INSTRUCTIONS TO FOLLOW – A faithful transcript of all the lines below, with no pictures, is the goal here.

INFORMATION SHOWN –
■ ■ ■ ■ ■

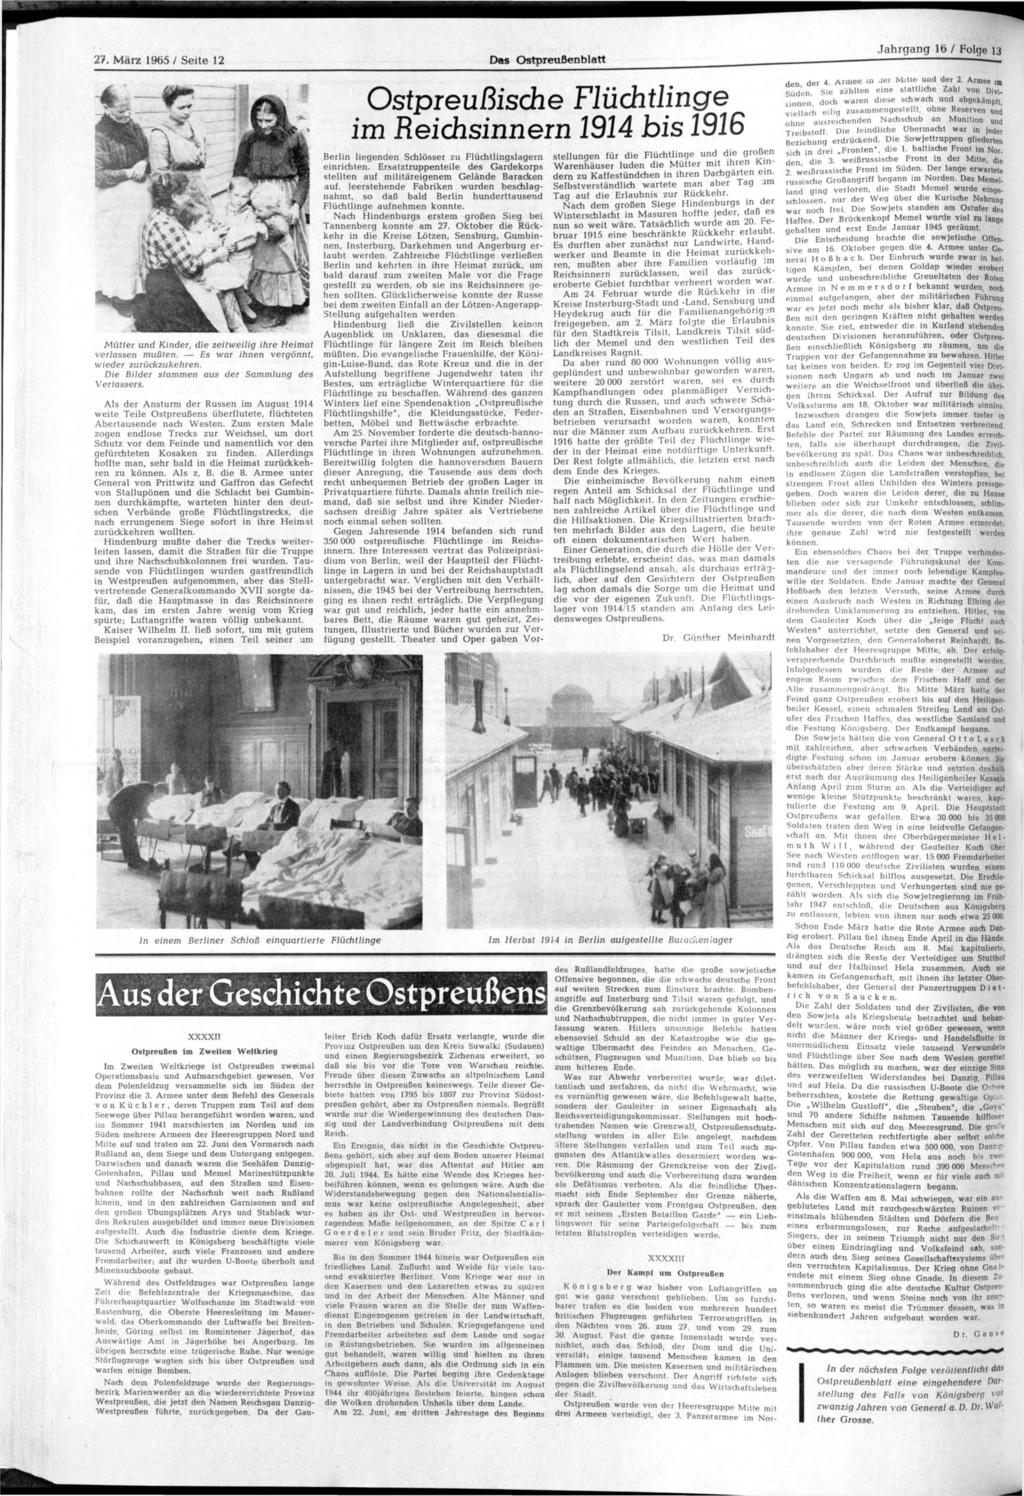 27. März 1965 / Seite 12 Das Ostpreußenblatt Jahrgang lö / Folge 13 Mütter und Kinder, die zeitweilig ihre Heimat verlassen mußten. Es war ihnen vergönnt, wieder zurückzukehren.
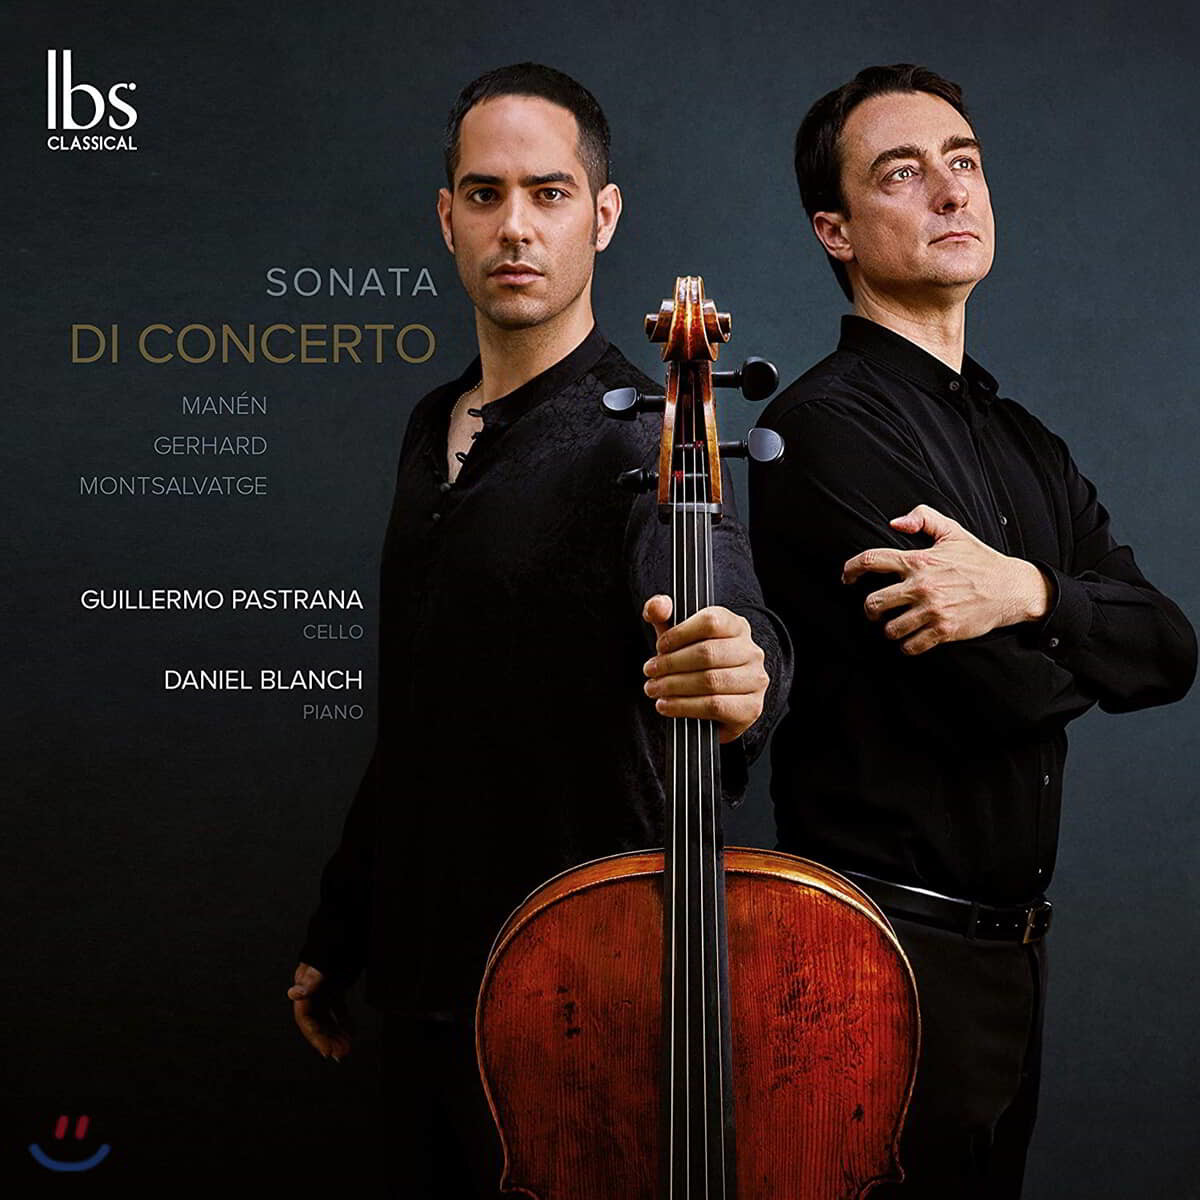 Guillermo Pastrana / Daniel Blanch 20세기 스페인 첼로 소나타 (Sonata Di Concerto)
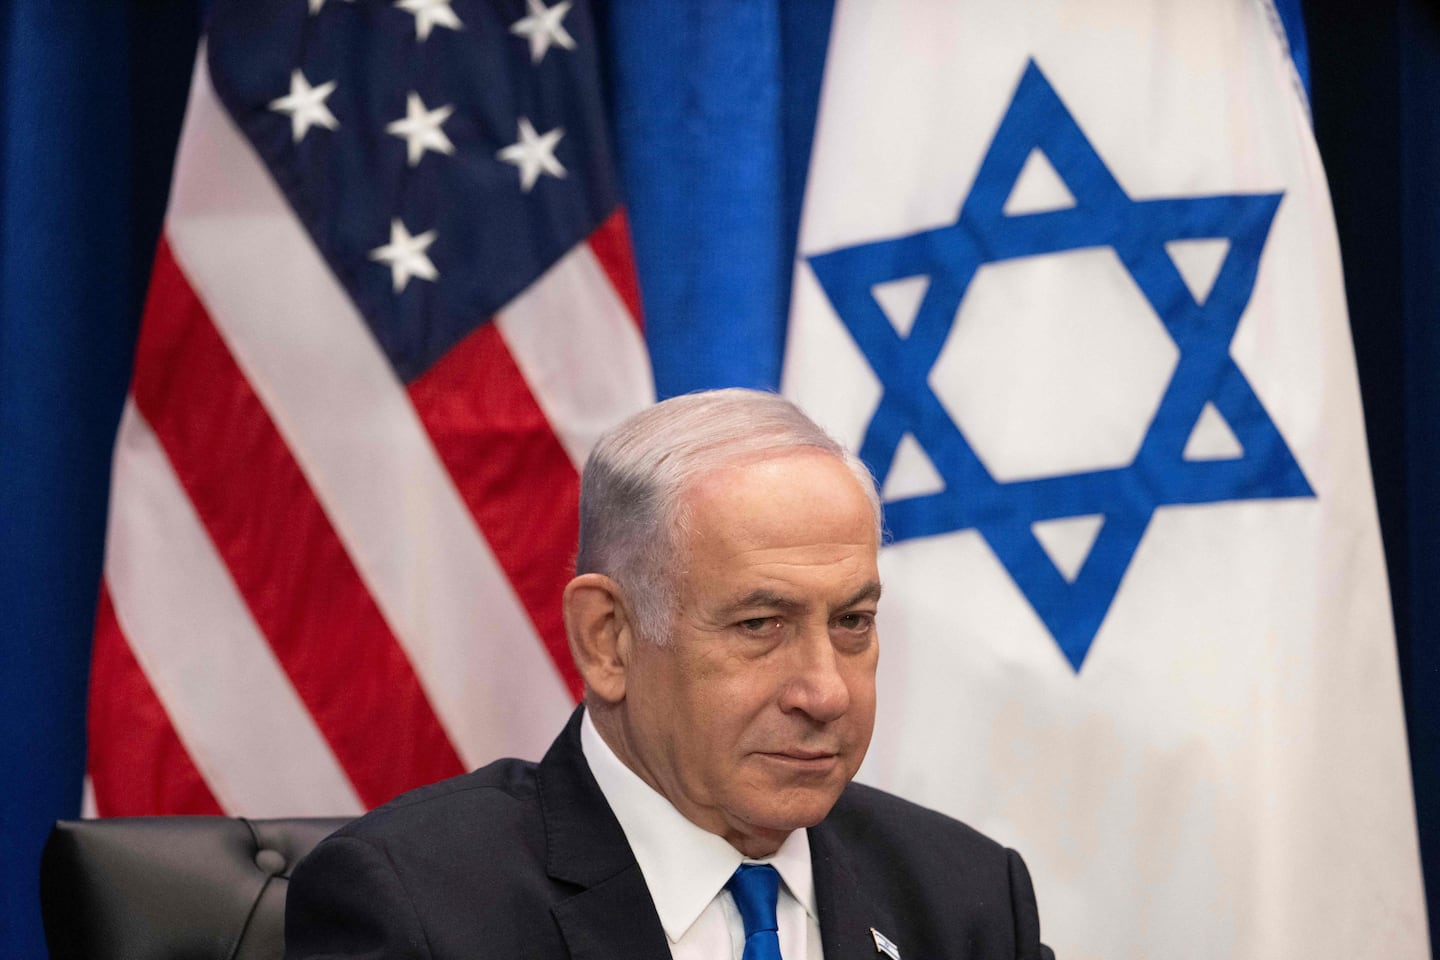 Benjamin Netanyahu pronuncia discurso ante Congreso de Estados Unidos en medio de tensiones

■ ■ ■ ■ ■

YOUR SOLUTION –
 27. März 1965 / Seite 12 Das Ostpreußenblatt Jahrgang lö / Folge 13 Mütter und Kinder, die zeitweilig ihre Heimat verlassen mußten. Es war ihnen vergönnt, wieder zurückzukehren.
 Guillermo Pastrana / Daniel Blanch 20세기 스페인 첼로 소나타 (Sonata Di Concerto)
 Benjamin Netanyahu pronuncia discurso ante Congreso de Estados Unidos en medio de tensiones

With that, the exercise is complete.